SB Claims Examiner

Symetra
16d$30 - $50Hybrid

About The Position

The Claims Examiner is responsible for accurate and timely adjudication of complex professional, facility, and ancillary claims. This role makes timely, accurate, and customer-focused claim decisions for supplemental health products that may include limited benefit medical (LBM), critical illness, hospital indemnity, scheduled or group accident, and/or minimum essential coverage (MEC) products. Proactively reach out to internal and external sources to gather relevant medical, financial, legal, and/or general data, compare it to the applicable contract and procedural documents, conduct an analysis, and engage peers and management as appropriate. Communicate verbally and in writing and fully leverage the claim system with accurate and comprehensive information. Maintain performance within departmental metrics. The level of independent judgement assigned to this position increases over time.

Requirements

  • High School Diploma required; college degree preferred.
  • 1-3 years of cumulative, relevant experience.
  • Ability to review and interpret policy language.
  • Experience with claim forms ideal.
  • Experience reviewing medical records.

Responsibilities

  • Provide timely, accurate, and client-centered claim resolutions.

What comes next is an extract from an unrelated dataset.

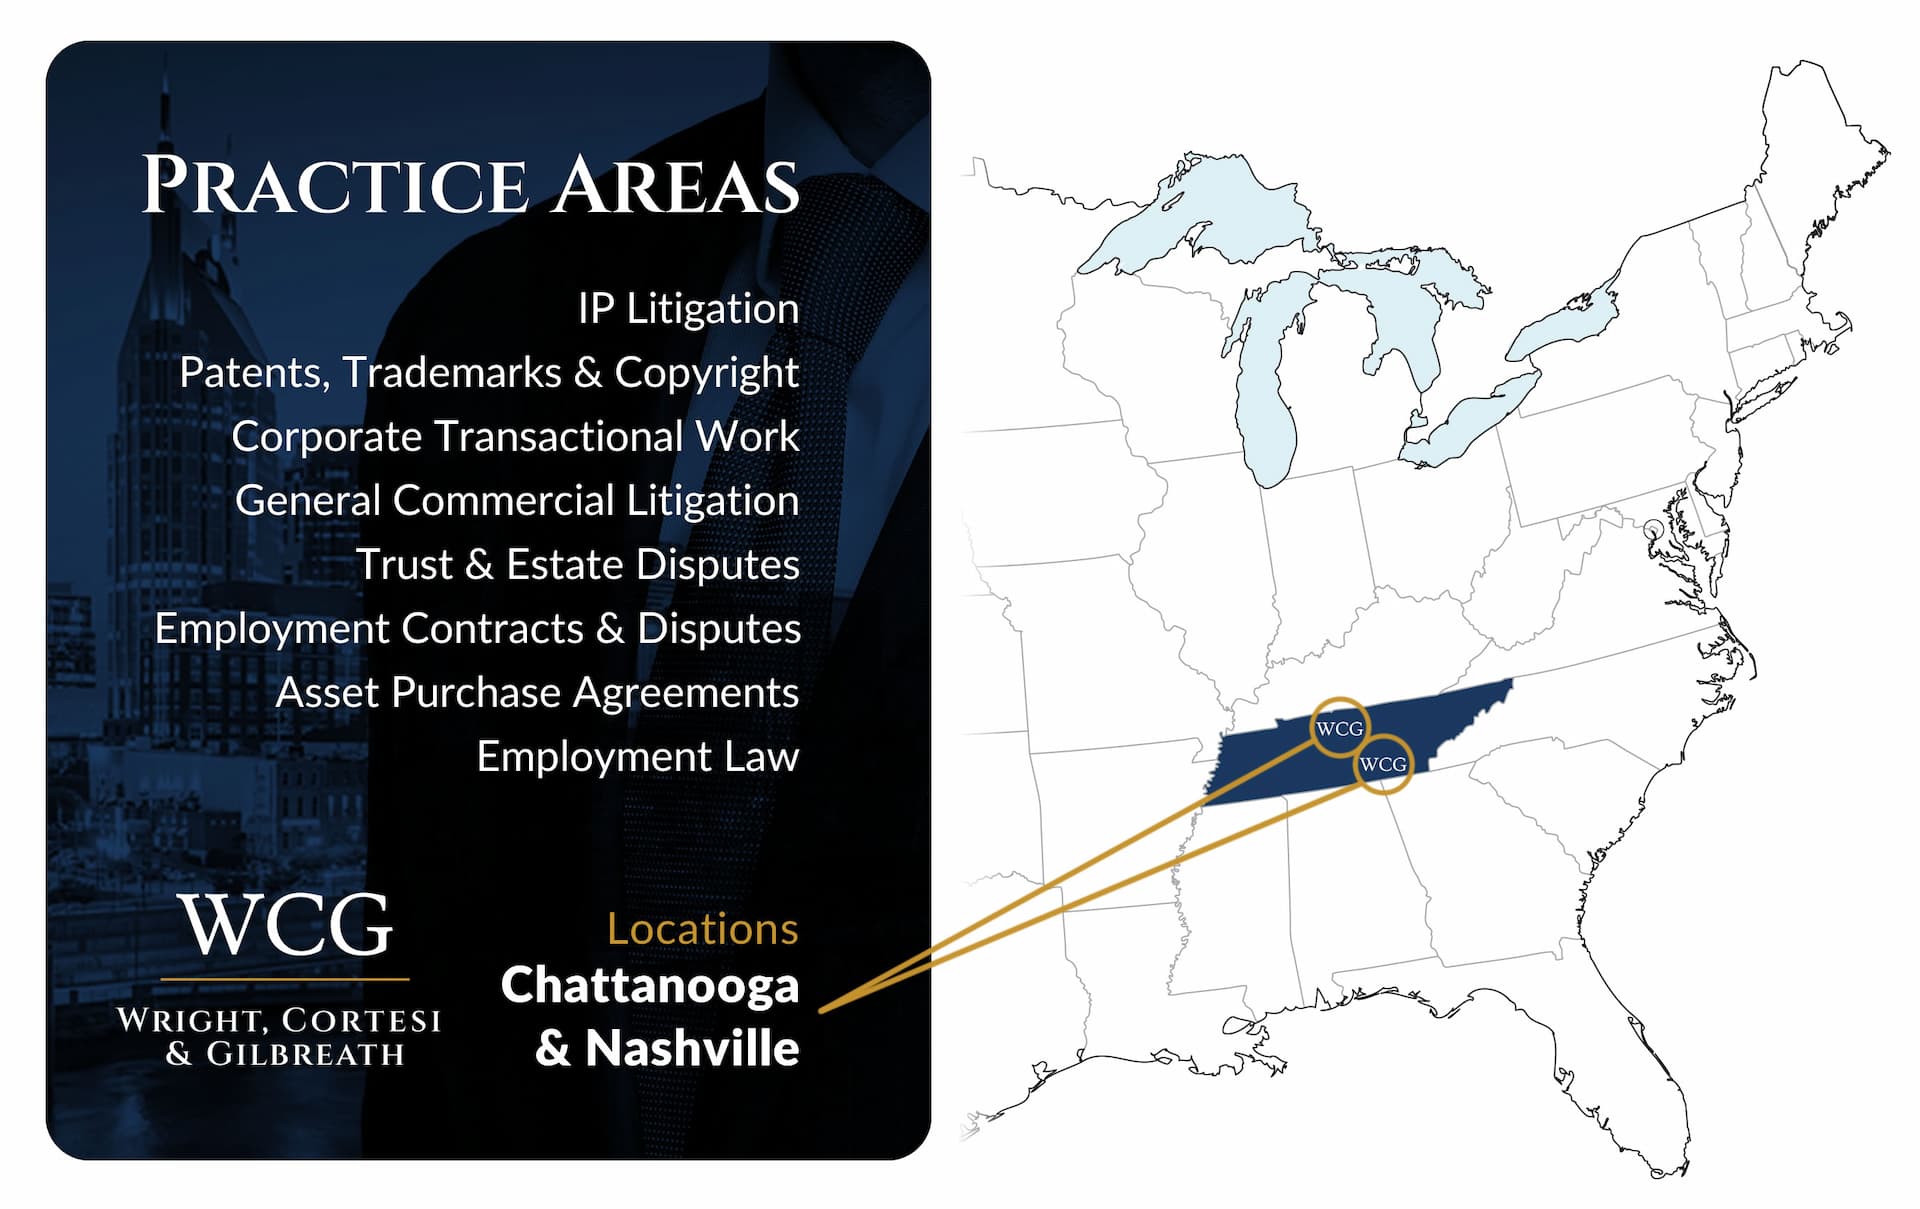 wcg-legal-wright-cortesi-and-gilbreath-chattanooga-nashville-ip-lawyers-cta-1-opt

Contact necessary parties to obtain information on a claim-by-claim basis. This process could involve engaging with healthcare providers, being responsible for coordination of benefits (COB) claims, and processing group benefits for claimants holding multiple coverage types.
  • Review the information against the terms, limitations, and conditions of the contract and applicable procedural documents and provide the claim decision as promptly as possible. Record the claim systems accurately and comprehensively while ensuring maximum efficiency.
  • Prepare and present clear written and verbal communication to various internal and external groups. Develop, revise, and implement a claim management plan to achieve the most appropriate result.
  • Adhere strictly to regulatory requirements. Show proficiency in supplemental health products and claim processing techniques. Maintain alignment with operational standards. Achieve or surpass claim team operational goals.
  • Maintain a superior level of genuine caring and empathetic customer service throughout all interactions. Take appropriate actions to earn the claimant’s and employer’s trust and confidence. Quickly resolve issues or concerns with payments, voids, refunds, and re-pricing issues.
  • Support one another by working flexibly and collaborating. Foster a positive work environment while maintaining professionalism and integrity. Take active steps to improve morale and demonstrate dedication to excellence. Perform additional special projects or tasks as assigned by the Sr. Unit Manager.

Benefits

  • Flexible full-time or hybrid telecommuting arrangements.
  • Plan for your future with our 401(k) plan and take advantage of immediate vesting and company matching up to 6%.
  • Paid time away including vacation and sick time, flex days and ten paid holidays.
  • Give back to your community and double your impact through our company matching.